One of the greatest mistakes a person can make in their career is believing that there is a corporate ladder for them to climb. It is a harsh truth to realize that there is simply no vertical ascent to your dream title. There is no help from a universally-recognized tool with equally spaced footing, meant to get you from the bottom to the top. For a person to believe that there is a ladder available for her to navigate her career is a belief destined for disappointment.  Often, the belief that there is a corporate ladder is exactly what gets in people’s way, especially people of color. What I have learned is that the journey of advancement in one’s career is more of a Corporate Tight Rope than it is a ladder.  The journey will be a lesson of forward movement requiring you to travel the distance between the platforms of where you are today and where you want to be tomorrow. This is a journey you must take by tight rope and to walk a tight rope requires significant strength, patience and balance. I have learned to look at my career as merely current state and future state. I very rarely even think about titles or promotions in setting my goals. Too many people are fighting for the titles and promotions and we must recognize that this is a fight we cannot win, traditionally. I know I can’t win if I am trying to play the game with the same strategies as those who are systematically chosen to be victorious. I had to understand very early that I am playing the game with a deficit score and that I would have to be willing to execute the harder strategies to win. The tight rope is the strategy corporate America and many other industries require of people like me.

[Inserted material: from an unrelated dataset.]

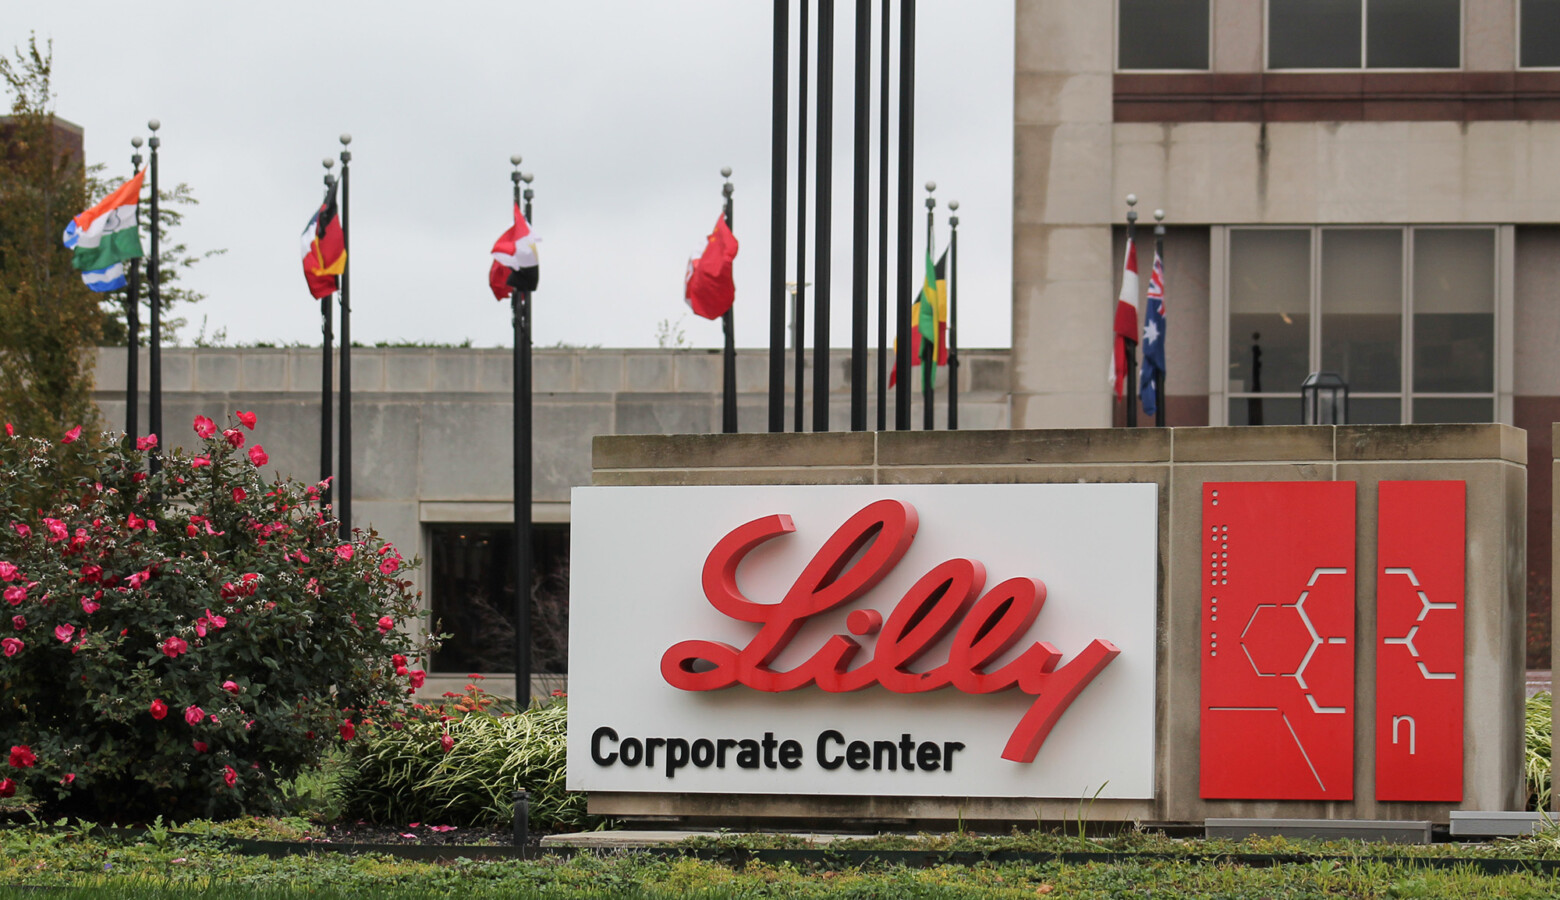 Eli Lilly's Corporate Headquarters in Indianapolis. The company's political action committee is suspending donations for U.S. members of Congress that voted against certifying the 2020 election results. (Lauren Chapman/IPB News)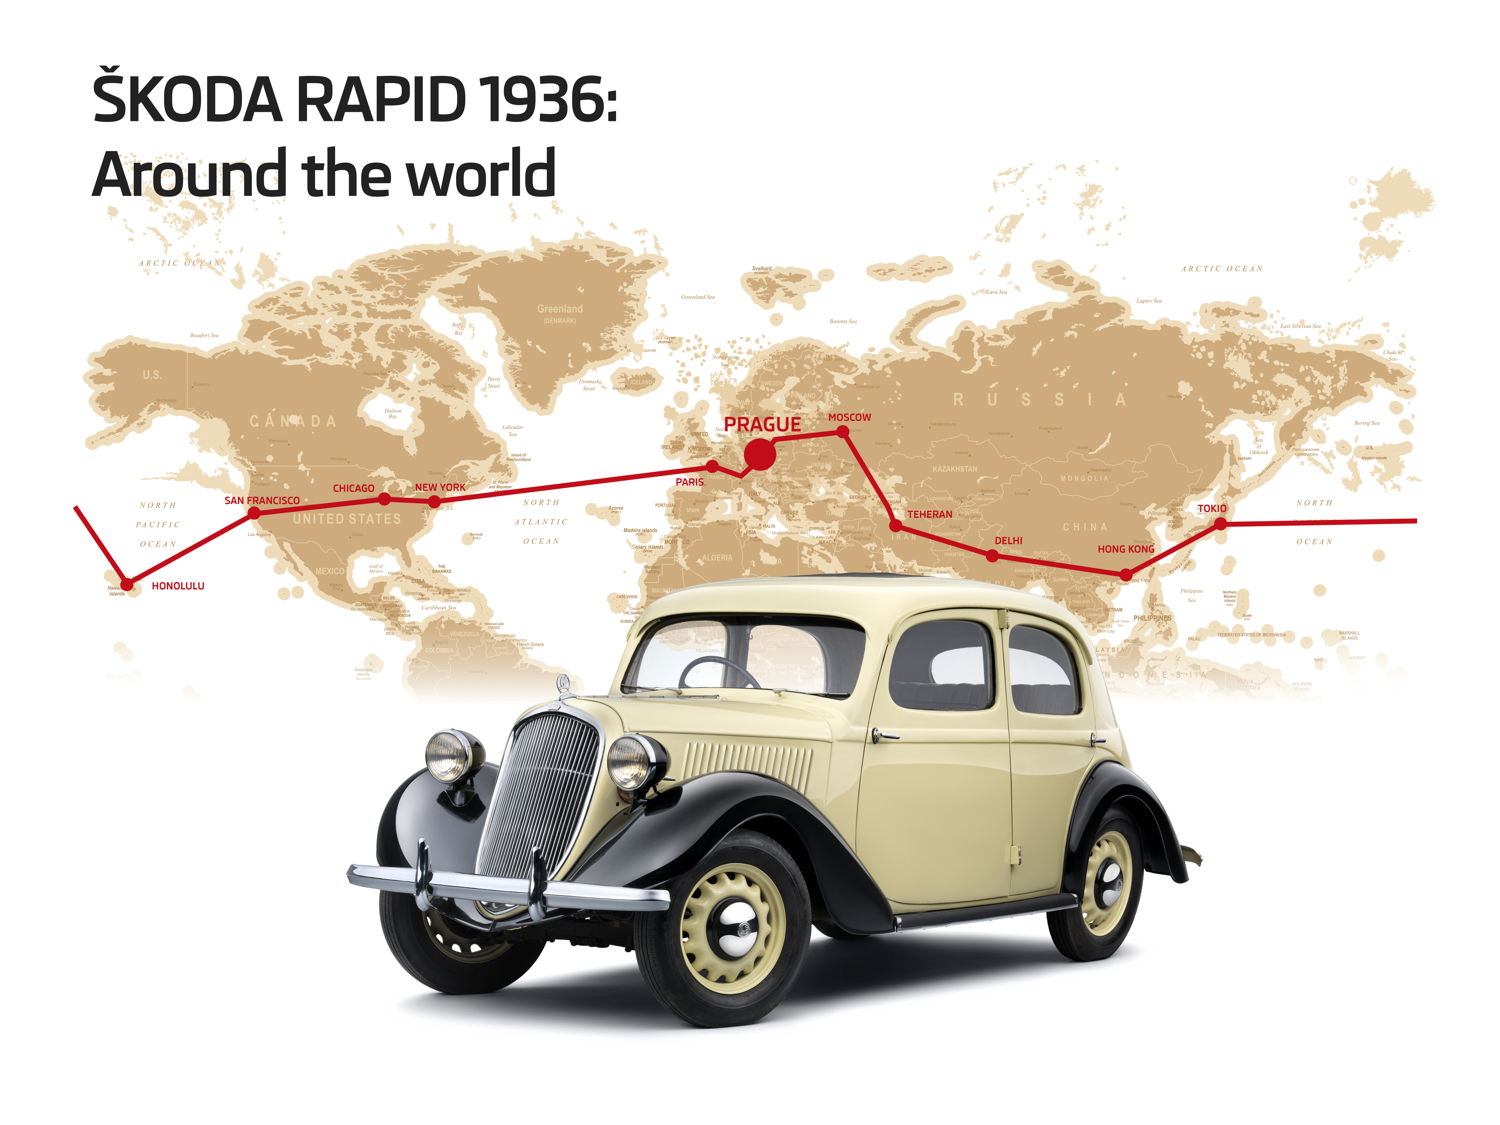 Eighty years ago the ŠKODA RAPID completed a drive around the world. During the trip the travellers B.J.Procházka and J.Kubias relied on a car of a similar type as you can see in the picture, only minimally modified.

I cannot try to go up against those with a ladder and expect to arrive at the top at the same time. I don’t have a ladder that reaches from the ground to the sky, so again and again, before I am allowed to move up, I must be one of the few brave souls that steps out on the tight rope of uncertainty and fear and take the journey across the thin wire towards the person I want to be next. When I wanted to become a leader of people, I had to sign up to lead projects and take accountability for their failures and successes. I had to equip myself with the skills learned only the through the difficulties of leading those I possess no authority over.  When I wanted my seat at the executive table, I had to start speaking up in meetings, taking on strategic work and then campaigning for its implementation with whoever would listen. I had to create the work that influenced the company and improve processes without being asked, even though I was risking working on projects nobody would ever hear about.  Now, when I need my voice to matter in the decision the company makes, I have to work harder to watch what I say and when I say it, because my ability to work with others matters. One wrong step into being perceived as difficult, and I will fall off of the rope and have to start over.